La contamination délibérée d'un réseau d'eau potable constitue un risque à probabilité faible, mais les gestionnaires doivent néanmoins la prendre en compte car les conséquences peuvent être rapidement très graves. Pendant quatre ans, quatorze partenaires européens du projet SecurEau (Security and decontamination of drinking water distribution following a deliberate contamination), mené dans le cadre du 7e programme-cadre de recherche et développement, ont donc décortiqué la problématique.
Première étape : permettre la détection précoce d'événements anormaux. « Il ne s'agissait pas de développer un capteur spécifique à un type de contaminant, car il y en a une infinité, mais plutôt d'améliorer l'utilisation de capteurs existants. En les installant hors période de crise, il est possible de déterminer une ligne de base des différents paramètres, avec des variations journalières, hebdomadaires ou même saisonnières. Et cela permet alors de détecter toute variation anormale », explique Sylvain Fass, coordonnateur du projet à l'université de Lorraine. Avec la société Endetec, filiale de Veolia, trois types de capteurs ont été développés, axés sur l'autonomie en énergie, la transmission des données ou encore la rapidité d'installation. Le premier, qui mesure les paramètres classiques (température, pH, concentration en chlore ou encore conductivité), est déjà disponible sur le marché. Un deuxième capteur de mesure UV de la matière organique est en phase de préindustrialisation. Le dernier, développé en partenariat avec le CEA, est destiné à la détection de quelques radionucléides. Tous ont été placés en test sur deux réseaux européens (l'un, urbain, de 400 000 habitants, et l'autre, rural, de 50 000 habitants).
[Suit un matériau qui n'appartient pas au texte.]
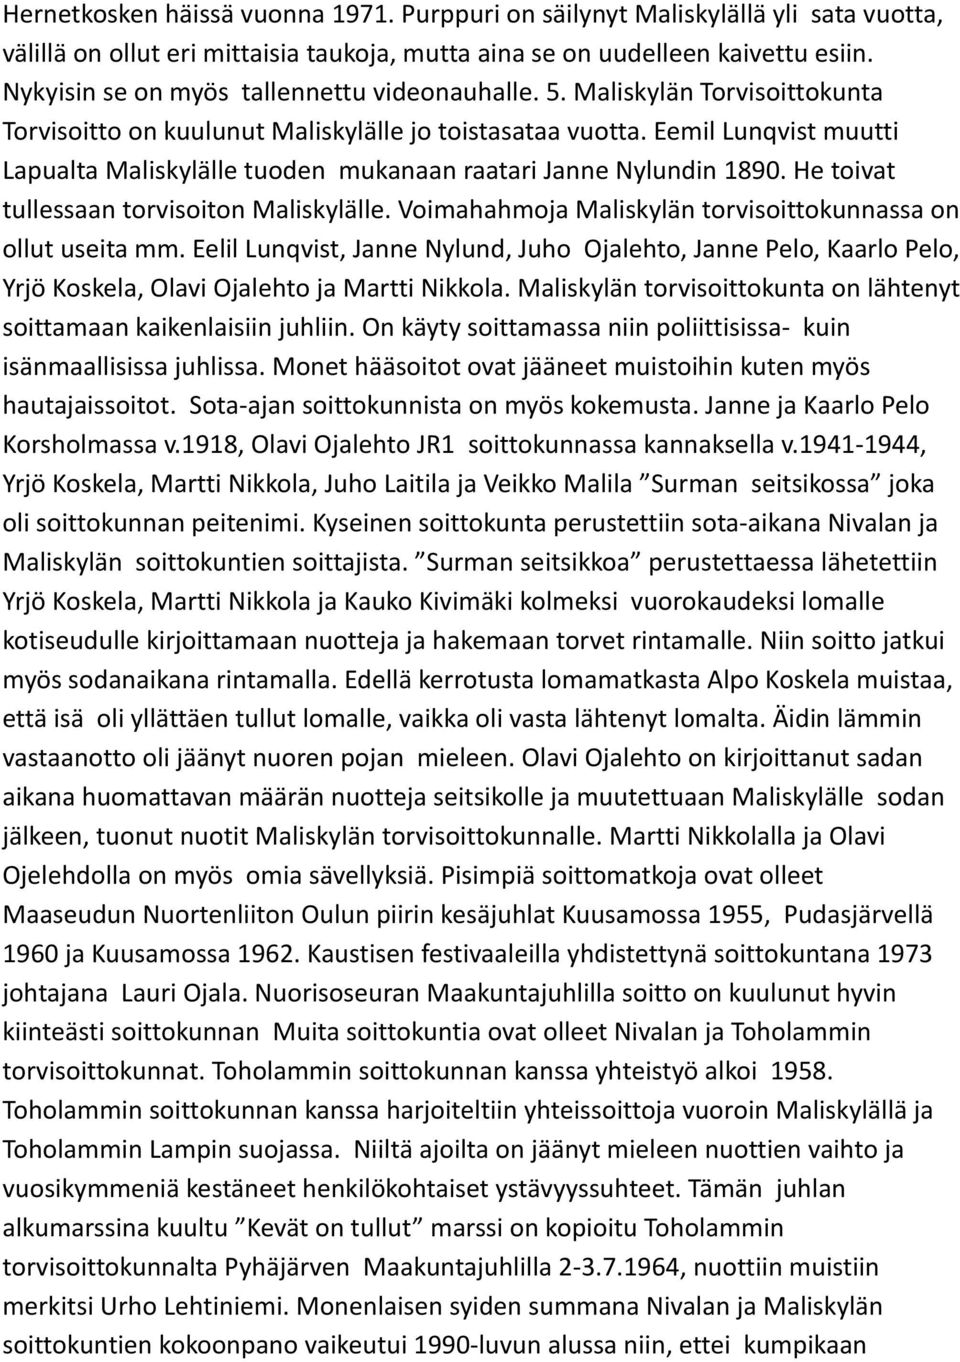 Eemil Lunqvist muutti Lapualta Maliskylälle tuoden mukanaan raatari Janne Nylundin 1890. He toivat tullessaan torvisoiton Maliskylälle. Voimahahmoja Maliskylän torvisoittokunnassa on ollut useita mm.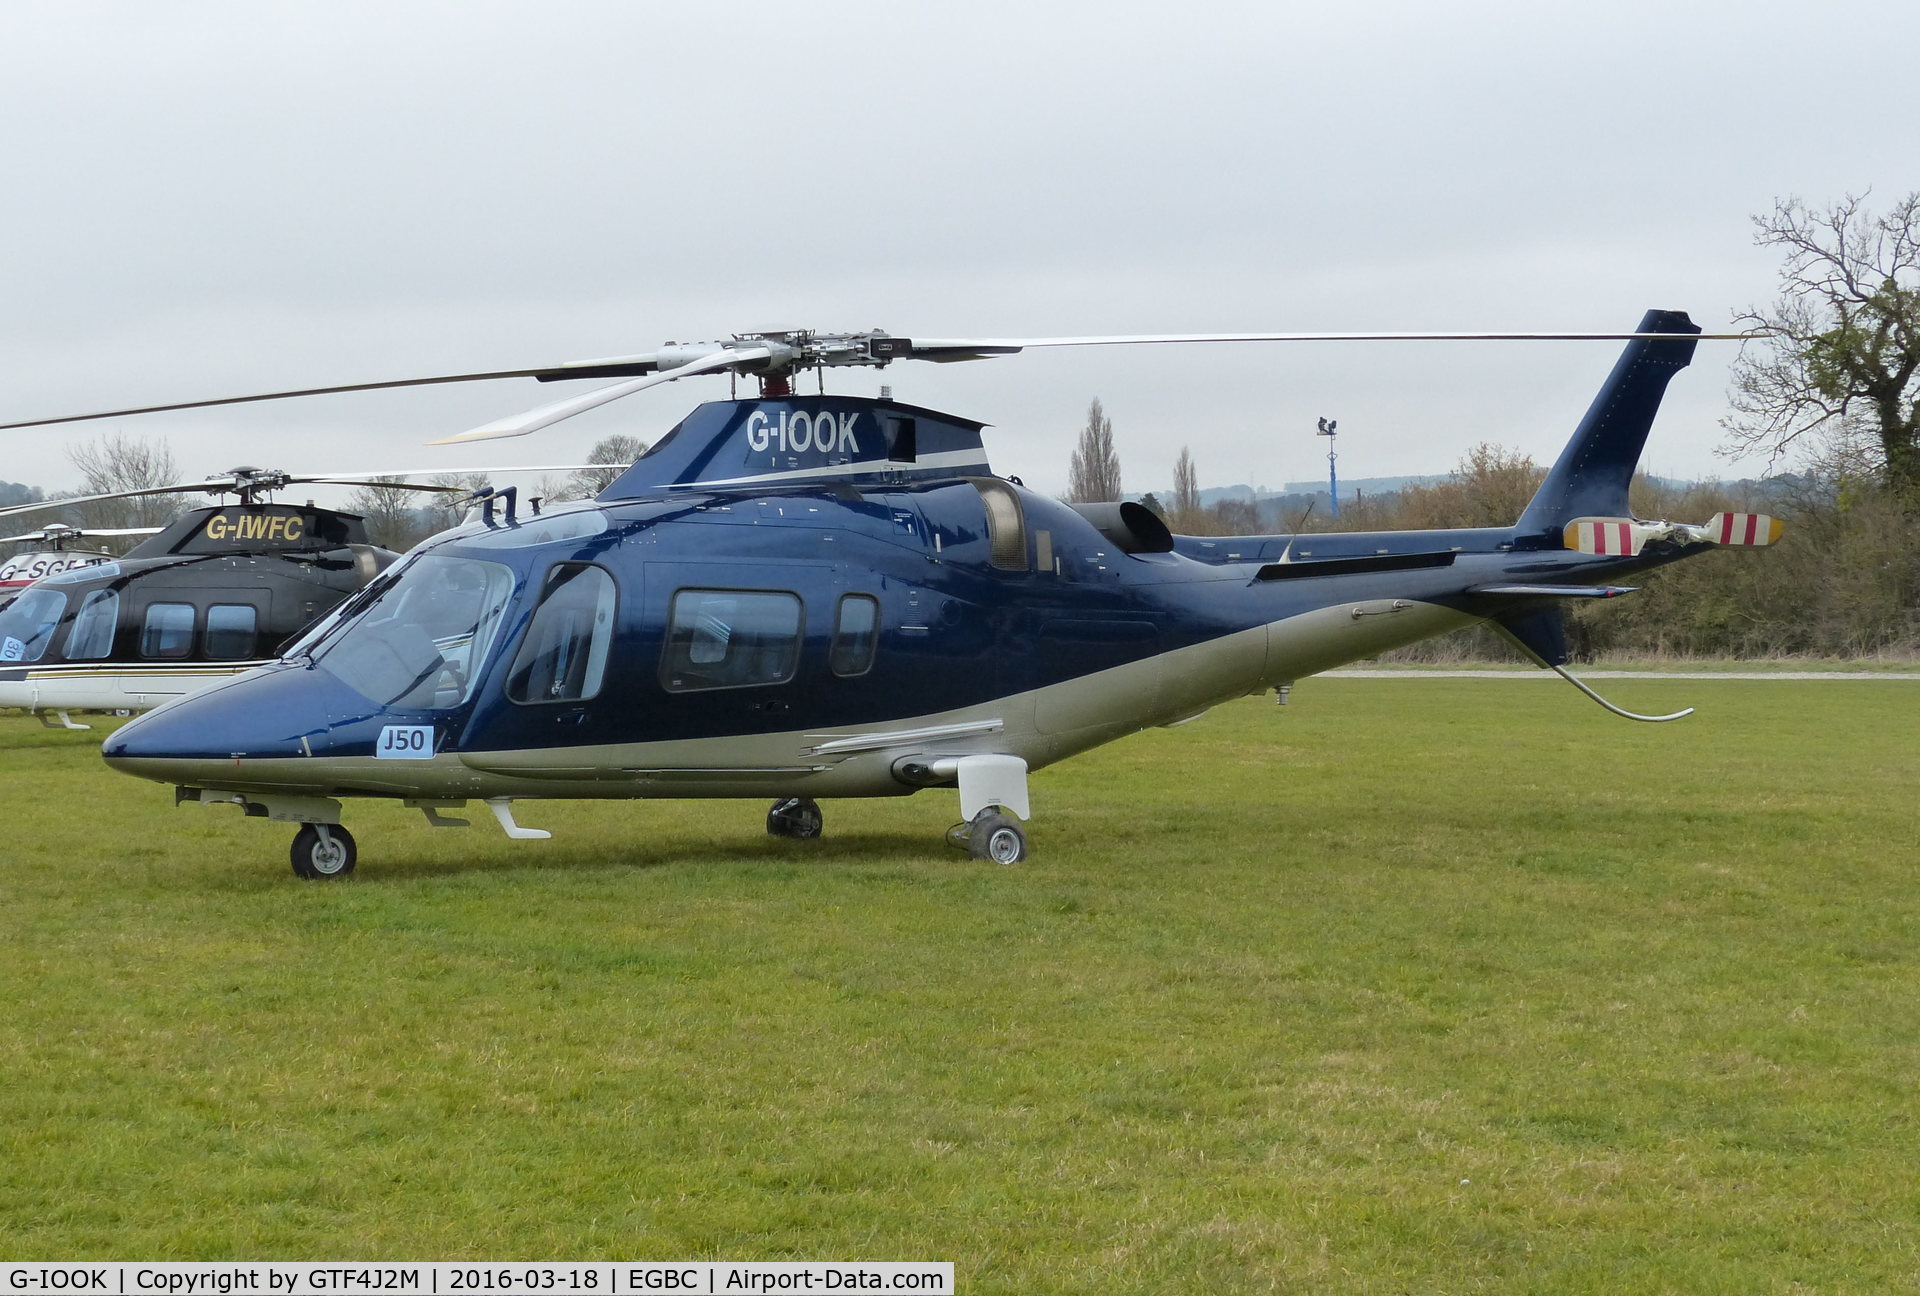 G-IOOK, 2007 Agusta A-109E Power C/N 11692, G-IOOK at Cheltenham Racecourse 18.3.16

Irstea a de son côté développé un modèle déterminant leur positionnement idéal sur un réseau, ce en fonction de ses caractéristiques hydrauliques. « Le gestionnaire fixe ses contraintes comme le nombre maximum de capteurs, les lieux stratégiques où les placer, des écoles par exemple. Un second modèle simule une contamination avec la configuration établie et donne ensuite le temps moyen de détection, par exemple. C'est alors au gestionnaire d'arbitrer sur l'acceptabilité du risque et peut-être de revoir ses contraintes », détaille Sylvain Fass.
Enfin, les chercheurs ont aussi étudié les stratégies existantes pour une décontamination rapide et efficace du réseau. « La partie eau n'est pas la plus problématique car on sait vidanger le réseau. Cela devient plus complexe lorsque le contaminant migre sur les parois, dans les dépôts ou les biofilms », ajoute le chercheur. L'efficacité de plusieurs méthodes a été testée en laboratoire telles que la désorption ou l'oxydation avancée. Les conclusions du projet pourront donc aider les gestionnaires de réseaux à mettre en place une stratégie de prévention de ce type de risque.